### What you should do
In the entries below, begin at the line that has "It is planned", stop after the line that has "A group of friends", and output those lines exactly with no pictures.

### Data section
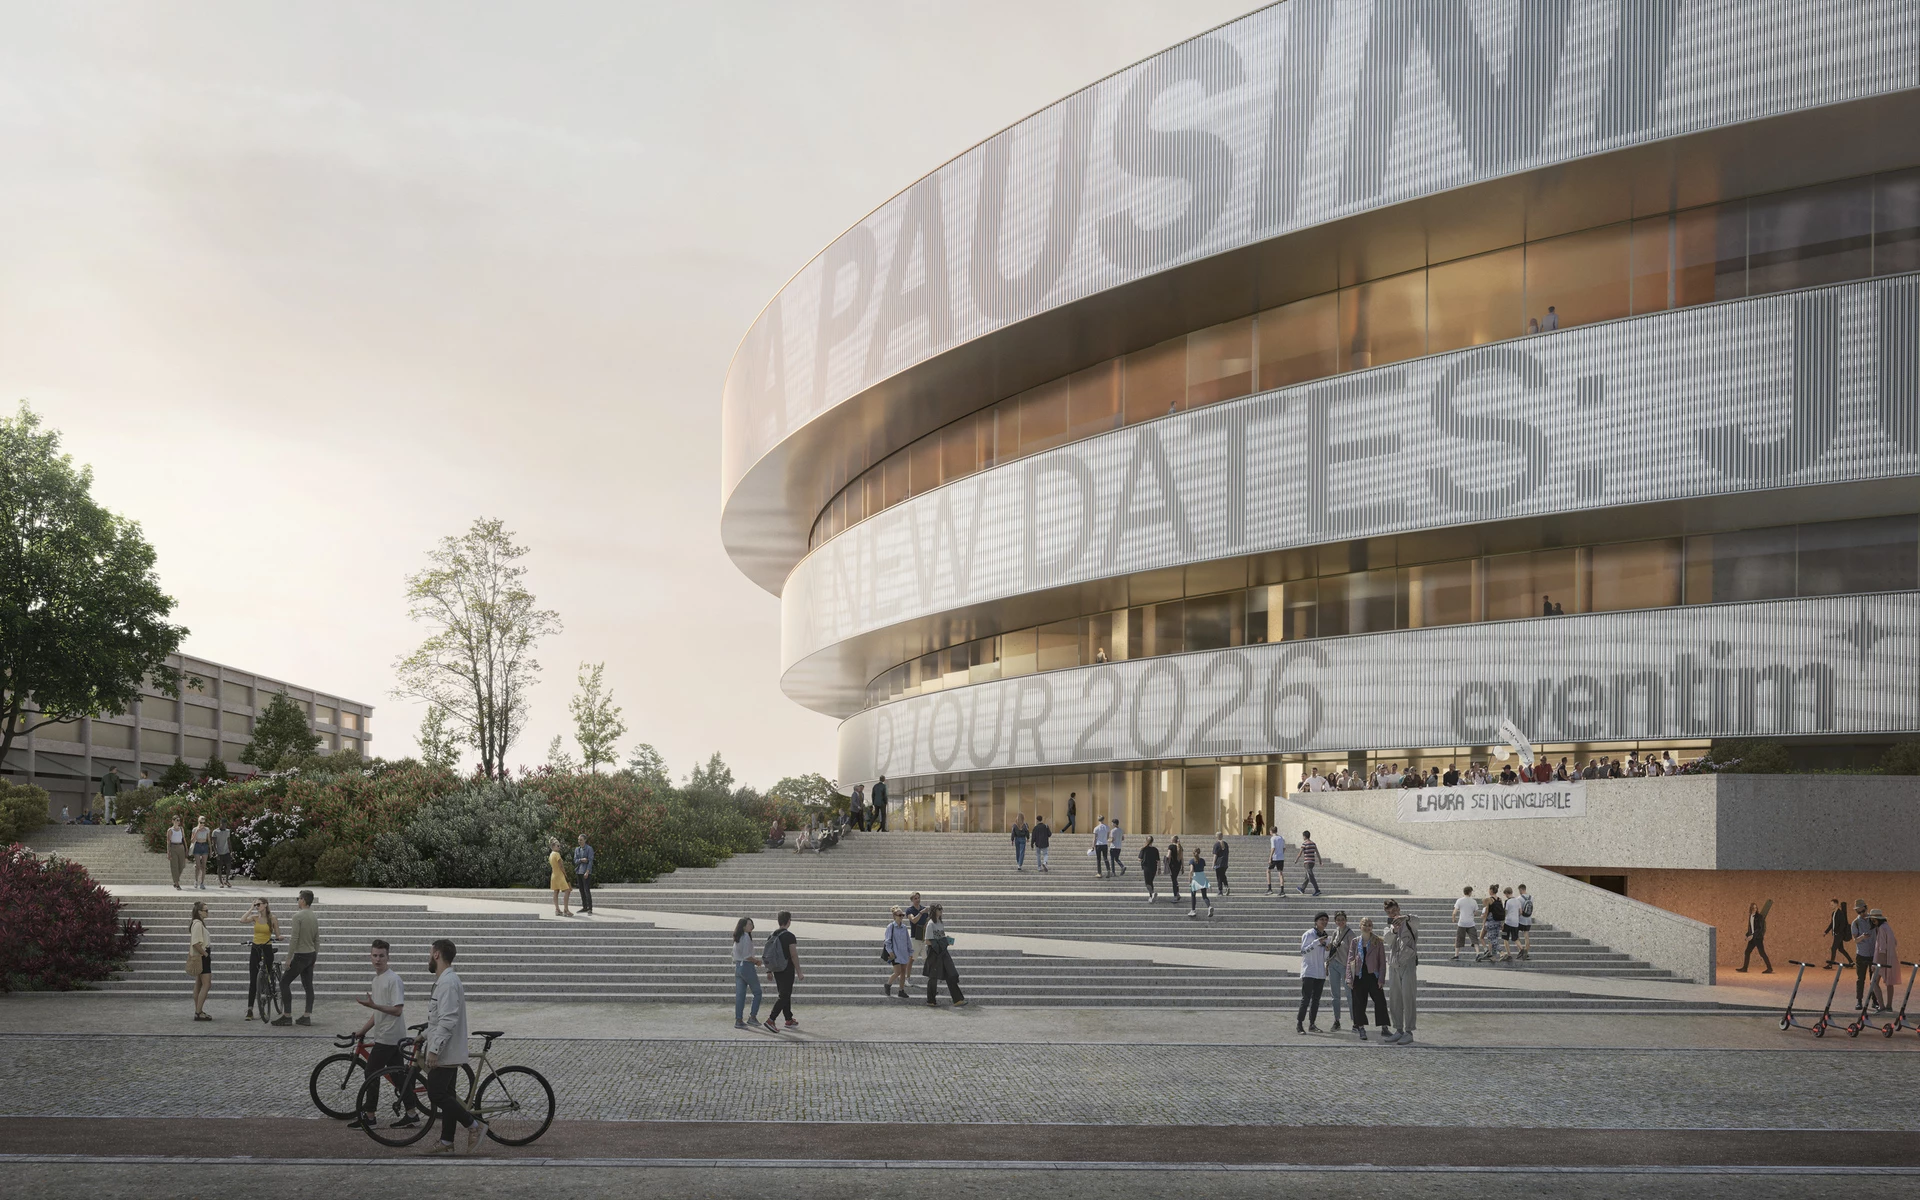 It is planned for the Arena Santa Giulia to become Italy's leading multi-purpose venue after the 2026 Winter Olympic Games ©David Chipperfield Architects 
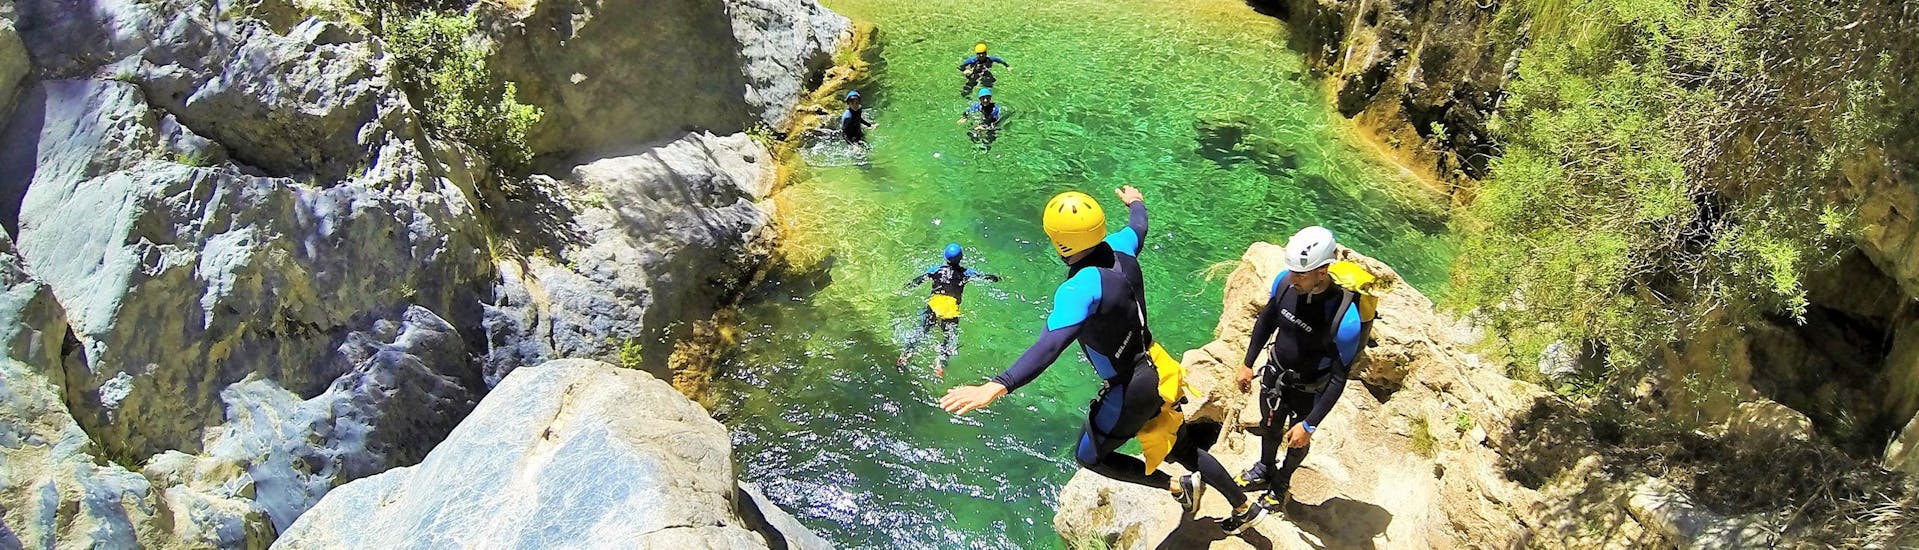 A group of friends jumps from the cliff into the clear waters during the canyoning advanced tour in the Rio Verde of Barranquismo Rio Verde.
* * *
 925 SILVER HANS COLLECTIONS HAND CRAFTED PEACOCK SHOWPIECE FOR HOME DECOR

### Result
 It is planned for the Arena Santa Giulia to become Italy's leading multi-purpose venue after the 2026 Winter Olympic Games ©David Chipperfield Architects 
 A group of friends jumps from the cliff into the clear waters during the canyoning advanced tour in the Rio Verde of Barranquismo Rio Verde.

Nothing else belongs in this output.